デインは何者なのか、ジョーカーは敵か味方か、本物のエンドン国王は生きているのか。
最終巻が楽しみですね。
【帰還】
【あらすじ】
遂に7つの宝石を集めたリーフ、バルダ、ジャスミン。後は、エンドン国王の子どもを探し出し、ベルトをつけてもらえば影の大王を退けることができる。しかし、エンドン国王の子どもは一体何処にいるのか。影の大王の魔の手が迫りくる中、見つけ出すことはできるのか。
【7つの部族を集結させる】
7つの部族を集結させて王の子を探すって展開が熱いですね。
今までの冒険で出会った協力者達が集結して影の大王に立ち向かう。最終回に相応しい壮大な展開を読んでるとわくわくしっぱしでしたね。
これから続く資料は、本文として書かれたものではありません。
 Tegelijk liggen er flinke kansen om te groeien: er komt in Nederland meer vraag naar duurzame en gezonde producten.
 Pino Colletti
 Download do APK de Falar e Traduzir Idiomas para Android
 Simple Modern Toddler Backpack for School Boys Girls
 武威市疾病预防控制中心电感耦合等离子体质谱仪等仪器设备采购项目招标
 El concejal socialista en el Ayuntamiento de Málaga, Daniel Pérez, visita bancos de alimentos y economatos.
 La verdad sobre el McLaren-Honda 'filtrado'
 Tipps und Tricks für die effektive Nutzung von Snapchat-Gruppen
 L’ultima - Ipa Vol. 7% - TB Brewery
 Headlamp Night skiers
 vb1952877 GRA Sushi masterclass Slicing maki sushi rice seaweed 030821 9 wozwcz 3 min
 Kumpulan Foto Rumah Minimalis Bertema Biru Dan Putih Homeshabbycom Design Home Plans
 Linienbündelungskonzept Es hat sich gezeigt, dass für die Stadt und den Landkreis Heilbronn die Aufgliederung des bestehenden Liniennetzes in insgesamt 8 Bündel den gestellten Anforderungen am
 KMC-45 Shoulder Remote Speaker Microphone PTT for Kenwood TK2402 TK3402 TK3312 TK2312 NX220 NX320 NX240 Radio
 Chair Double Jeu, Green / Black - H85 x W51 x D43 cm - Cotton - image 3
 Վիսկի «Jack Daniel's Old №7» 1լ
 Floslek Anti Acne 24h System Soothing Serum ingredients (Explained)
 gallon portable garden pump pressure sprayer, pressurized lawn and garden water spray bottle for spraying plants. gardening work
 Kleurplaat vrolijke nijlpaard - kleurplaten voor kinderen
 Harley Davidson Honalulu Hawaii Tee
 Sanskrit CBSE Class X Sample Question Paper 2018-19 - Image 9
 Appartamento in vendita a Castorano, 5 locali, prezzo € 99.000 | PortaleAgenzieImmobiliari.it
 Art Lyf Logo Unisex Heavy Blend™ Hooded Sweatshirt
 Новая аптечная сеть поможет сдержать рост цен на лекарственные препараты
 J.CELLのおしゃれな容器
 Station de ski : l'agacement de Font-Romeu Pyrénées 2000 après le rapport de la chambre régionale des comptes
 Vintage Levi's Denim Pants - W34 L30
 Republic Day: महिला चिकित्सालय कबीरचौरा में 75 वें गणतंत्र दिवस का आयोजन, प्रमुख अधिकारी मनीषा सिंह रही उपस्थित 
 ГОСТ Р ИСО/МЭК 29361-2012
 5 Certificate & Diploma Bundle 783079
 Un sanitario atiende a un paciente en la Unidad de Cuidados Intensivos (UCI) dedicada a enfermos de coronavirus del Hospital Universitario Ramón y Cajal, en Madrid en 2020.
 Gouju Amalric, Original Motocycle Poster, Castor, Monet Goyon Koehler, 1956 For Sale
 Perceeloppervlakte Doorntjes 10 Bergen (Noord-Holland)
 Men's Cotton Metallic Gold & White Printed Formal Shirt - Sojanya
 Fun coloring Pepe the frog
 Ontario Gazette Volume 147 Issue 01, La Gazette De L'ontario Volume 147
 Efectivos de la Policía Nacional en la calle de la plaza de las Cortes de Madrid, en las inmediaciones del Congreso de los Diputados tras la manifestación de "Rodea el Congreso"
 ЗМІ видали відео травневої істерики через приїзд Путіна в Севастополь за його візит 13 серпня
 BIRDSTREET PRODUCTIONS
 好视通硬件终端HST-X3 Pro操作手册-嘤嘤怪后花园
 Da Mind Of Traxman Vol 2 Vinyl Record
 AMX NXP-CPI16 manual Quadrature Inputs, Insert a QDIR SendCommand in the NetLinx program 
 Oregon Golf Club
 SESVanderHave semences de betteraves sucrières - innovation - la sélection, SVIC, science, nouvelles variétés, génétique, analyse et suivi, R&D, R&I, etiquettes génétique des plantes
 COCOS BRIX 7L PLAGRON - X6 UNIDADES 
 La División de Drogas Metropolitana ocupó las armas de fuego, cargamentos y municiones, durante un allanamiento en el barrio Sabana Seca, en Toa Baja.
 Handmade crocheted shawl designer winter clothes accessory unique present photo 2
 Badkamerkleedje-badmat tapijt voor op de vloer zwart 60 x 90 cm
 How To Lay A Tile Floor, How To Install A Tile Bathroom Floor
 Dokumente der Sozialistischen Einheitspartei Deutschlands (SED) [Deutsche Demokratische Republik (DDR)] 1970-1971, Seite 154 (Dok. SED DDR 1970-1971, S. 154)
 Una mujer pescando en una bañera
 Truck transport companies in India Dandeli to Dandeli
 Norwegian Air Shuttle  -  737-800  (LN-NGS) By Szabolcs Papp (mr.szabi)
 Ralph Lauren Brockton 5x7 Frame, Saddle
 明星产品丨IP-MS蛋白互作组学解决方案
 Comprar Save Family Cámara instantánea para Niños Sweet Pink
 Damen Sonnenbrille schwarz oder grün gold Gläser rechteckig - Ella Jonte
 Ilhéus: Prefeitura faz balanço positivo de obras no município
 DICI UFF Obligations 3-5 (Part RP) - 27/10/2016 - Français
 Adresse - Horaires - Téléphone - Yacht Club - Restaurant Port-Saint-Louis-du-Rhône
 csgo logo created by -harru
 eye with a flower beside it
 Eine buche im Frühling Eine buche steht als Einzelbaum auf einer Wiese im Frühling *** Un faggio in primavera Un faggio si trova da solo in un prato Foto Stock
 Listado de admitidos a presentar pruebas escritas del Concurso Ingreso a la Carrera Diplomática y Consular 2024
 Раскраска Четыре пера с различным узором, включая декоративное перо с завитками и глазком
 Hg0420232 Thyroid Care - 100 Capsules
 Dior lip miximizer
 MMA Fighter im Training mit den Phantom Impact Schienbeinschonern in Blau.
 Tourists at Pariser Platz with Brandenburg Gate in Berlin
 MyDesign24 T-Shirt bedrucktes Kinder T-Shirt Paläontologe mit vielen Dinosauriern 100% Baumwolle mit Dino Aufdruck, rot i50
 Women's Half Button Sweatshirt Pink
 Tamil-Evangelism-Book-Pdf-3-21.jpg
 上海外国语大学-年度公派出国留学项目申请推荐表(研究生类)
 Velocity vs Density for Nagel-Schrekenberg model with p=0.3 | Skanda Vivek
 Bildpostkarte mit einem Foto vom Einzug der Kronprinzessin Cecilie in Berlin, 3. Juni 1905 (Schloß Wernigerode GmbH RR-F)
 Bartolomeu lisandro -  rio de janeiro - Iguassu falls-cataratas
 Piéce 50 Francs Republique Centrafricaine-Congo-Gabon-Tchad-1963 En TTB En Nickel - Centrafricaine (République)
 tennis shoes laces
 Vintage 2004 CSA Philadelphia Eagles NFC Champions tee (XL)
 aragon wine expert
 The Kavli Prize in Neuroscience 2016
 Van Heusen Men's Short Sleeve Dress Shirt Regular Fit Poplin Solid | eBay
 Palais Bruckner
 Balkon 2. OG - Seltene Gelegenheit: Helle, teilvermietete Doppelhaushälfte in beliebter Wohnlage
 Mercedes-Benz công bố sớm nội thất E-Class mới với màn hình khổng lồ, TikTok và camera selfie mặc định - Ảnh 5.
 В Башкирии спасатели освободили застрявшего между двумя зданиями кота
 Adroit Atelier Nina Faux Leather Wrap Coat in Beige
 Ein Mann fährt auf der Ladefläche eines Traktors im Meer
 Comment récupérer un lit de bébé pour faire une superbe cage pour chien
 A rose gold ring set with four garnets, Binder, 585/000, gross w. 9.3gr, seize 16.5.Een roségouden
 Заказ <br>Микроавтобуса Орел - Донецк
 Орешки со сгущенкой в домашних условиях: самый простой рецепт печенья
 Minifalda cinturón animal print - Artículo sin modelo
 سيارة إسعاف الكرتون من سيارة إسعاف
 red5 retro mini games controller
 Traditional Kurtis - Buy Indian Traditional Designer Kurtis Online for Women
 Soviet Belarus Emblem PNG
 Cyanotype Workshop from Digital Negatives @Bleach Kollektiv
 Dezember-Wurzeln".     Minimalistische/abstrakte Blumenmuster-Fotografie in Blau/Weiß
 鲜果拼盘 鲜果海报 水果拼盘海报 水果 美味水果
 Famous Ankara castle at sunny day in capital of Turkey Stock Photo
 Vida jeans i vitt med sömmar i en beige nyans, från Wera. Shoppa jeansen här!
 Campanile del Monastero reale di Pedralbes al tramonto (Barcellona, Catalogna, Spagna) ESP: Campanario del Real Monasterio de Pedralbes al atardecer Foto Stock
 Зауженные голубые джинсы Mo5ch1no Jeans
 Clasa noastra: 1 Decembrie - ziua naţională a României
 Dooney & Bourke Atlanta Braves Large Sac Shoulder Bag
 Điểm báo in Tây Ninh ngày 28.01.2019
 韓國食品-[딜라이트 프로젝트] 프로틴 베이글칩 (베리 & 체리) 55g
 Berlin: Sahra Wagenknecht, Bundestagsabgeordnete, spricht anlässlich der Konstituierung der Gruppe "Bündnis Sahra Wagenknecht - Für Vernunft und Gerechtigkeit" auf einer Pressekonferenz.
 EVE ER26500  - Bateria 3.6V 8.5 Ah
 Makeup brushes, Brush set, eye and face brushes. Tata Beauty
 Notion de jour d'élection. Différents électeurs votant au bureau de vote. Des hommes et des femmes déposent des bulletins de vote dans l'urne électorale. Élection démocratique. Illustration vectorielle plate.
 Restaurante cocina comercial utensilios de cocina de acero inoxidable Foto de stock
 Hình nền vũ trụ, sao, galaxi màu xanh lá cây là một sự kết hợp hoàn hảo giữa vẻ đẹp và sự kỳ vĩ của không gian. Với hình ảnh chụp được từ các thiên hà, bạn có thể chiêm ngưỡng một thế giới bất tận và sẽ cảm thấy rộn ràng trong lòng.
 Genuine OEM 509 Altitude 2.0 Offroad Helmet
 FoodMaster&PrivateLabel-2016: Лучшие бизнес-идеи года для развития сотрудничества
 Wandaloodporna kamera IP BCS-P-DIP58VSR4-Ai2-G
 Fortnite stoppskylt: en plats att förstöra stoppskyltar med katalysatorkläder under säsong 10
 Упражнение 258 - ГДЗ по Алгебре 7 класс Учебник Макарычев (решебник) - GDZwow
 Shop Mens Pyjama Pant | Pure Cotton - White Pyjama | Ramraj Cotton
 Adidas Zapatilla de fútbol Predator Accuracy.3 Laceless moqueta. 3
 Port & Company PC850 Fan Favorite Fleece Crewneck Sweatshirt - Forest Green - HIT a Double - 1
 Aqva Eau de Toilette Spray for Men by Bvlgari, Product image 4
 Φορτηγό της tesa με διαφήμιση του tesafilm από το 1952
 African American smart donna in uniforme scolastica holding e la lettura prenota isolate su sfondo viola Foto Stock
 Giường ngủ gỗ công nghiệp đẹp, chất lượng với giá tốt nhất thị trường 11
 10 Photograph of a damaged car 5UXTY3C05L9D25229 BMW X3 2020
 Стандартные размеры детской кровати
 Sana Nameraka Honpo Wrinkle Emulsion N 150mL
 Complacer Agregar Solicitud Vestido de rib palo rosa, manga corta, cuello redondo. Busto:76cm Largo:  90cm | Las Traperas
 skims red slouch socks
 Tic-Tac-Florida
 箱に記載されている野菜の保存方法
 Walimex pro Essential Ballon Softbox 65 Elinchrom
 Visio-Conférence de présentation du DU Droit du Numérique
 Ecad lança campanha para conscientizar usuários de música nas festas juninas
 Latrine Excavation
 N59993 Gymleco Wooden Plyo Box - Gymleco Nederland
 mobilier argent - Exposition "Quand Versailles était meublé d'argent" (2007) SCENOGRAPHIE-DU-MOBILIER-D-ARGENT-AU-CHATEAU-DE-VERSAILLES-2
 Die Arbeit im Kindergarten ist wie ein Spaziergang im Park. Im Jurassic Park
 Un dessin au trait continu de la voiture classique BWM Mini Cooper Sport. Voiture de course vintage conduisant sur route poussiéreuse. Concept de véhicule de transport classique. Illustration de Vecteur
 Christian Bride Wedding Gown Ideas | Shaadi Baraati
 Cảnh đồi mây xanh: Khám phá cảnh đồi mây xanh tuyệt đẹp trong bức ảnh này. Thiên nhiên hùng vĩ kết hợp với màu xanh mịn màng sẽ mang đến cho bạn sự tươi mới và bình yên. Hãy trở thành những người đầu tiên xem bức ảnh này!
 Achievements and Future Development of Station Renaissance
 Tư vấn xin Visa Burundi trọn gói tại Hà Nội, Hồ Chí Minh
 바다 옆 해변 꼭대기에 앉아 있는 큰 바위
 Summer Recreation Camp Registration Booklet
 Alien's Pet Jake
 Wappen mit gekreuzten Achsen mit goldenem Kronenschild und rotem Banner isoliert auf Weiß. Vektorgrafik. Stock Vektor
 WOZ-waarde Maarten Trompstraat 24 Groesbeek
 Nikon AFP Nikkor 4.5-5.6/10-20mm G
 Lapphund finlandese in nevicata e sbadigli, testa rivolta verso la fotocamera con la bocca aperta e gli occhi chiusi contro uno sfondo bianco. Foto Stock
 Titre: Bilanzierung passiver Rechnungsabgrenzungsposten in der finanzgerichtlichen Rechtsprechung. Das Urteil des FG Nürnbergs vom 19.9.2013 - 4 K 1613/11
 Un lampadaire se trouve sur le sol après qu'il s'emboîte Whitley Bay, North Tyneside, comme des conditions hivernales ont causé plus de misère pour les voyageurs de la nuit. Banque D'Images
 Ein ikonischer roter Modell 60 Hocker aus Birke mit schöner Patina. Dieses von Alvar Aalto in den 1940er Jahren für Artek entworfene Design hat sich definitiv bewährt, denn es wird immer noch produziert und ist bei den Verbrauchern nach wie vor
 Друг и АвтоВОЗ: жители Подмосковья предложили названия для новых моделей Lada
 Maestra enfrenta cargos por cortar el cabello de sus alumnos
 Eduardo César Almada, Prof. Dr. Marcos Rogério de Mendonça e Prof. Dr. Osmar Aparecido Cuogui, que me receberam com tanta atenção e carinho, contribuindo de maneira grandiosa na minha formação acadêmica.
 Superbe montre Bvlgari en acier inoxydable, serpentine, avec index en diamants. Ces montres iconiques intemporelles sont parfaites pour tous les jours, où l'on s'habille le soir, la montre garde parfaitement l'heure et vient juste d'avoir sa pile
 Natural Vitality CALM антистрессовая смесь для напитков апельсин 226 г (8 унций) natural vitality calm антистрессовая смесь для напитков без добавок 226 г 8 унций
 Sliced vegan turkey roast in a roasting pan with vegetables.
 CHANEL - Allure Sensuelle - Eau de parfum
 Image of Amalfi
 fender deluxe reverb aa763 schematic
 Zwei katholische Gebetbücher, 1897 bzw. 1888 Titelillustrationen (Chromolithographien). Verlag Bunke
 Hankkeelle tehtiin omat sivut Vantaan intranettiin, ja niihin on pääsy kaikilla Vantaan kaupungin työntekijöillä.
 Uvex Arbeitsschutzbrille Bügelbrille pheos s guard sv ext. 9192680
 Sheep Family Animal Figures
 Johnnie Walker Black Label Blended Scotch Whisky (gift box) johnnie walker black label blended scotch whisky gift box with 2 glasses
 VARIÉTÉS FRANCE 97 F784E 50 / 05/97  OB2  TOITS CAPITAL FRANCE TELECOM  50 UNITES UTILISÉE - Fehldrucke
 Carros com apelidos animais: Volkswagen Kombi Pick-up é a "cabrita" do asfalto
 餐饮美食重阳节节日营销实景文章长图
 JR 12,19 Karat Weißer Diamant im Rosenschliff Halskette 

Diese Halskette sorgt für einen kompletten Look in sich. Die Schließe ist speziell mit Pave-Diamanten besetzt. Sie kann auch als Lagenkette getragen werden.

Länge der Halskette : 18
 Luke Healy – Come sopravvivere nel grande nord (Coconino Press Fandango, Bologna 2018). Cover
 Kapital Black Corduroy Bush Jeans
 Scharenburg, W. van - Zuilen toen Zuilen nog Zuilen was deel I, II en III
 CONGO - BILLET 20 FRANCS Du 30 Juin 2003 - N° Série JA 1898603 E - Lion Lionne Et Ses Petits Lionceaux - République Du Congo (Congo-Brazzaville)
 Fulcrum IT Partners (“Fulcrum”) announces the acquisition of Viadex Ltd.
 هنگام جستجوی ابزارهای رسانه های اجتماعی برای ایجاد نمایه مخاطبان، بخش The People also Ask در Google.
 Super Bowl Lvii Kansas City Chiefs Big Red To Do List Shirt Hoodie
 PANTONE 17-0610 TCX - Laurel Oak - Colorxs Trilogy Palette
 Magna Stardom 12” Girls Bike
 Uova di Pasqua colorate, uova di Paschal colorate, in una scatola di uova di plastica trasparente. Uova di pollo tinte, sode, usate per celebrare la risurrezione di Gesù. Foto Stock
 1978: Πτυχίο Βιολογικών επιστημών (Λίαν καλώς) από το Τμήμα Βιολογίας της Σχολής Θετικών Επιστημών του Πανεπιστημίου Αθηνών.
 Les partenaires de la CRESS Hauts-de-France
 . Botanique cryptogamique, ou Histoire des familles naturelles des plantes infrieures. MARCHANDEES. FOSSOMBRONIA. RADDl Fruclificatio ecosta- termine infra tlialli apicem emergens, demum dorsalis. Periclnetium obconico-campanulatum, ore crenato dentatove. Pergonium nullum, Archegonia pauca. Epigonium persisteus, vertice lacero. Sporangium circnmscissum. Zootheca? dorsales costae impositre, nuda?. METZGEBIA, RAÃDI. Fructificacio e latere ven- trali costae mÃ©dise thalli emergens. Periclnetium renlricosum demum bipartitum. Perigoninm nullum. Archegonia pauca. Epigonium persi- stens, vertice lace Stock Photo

「わたしたちは、おなじこころざしをもつ仲間ですよ。おたがいの才能と経験は、わかちあわなければ。いまこそ信頼の時、力を合わせる時ではありませんか」
(「帰還」より)
【何回も騙された】
以下、物語の核心部分のネタバレします。お気をつけください。
王の子孫は死んだのか、いや、デインなのか、いや、ジャスミンなのか、いや………っていう怒涛の展開に引き込まれて一気読みしました。
そして、デルトラベルトの力の発動条件も凝ってて感嘆しました。
作りに作り込まれた物語にとても楽しませてもらいました。
エミリー・ロッダ先生は素晴らしいストーリーテラーだなぁって改めて感動しました。
「それこそ…わたしたちにふさわしいと思わないか、リーフ。デルトラをとりもどすこの戦いは、最初から最後まで、ひとすじなわではいかないことだらけだった。わたしはむかしから、そういう物語が大好きだったよ。なぜなら…そういう物語には…幸福な結末がつきものだ…わたしたちの…この…物語のように」
(「帰還」より)
【まとめ】
最高に楽しい物語を楽しむことができました。ありがとうございました。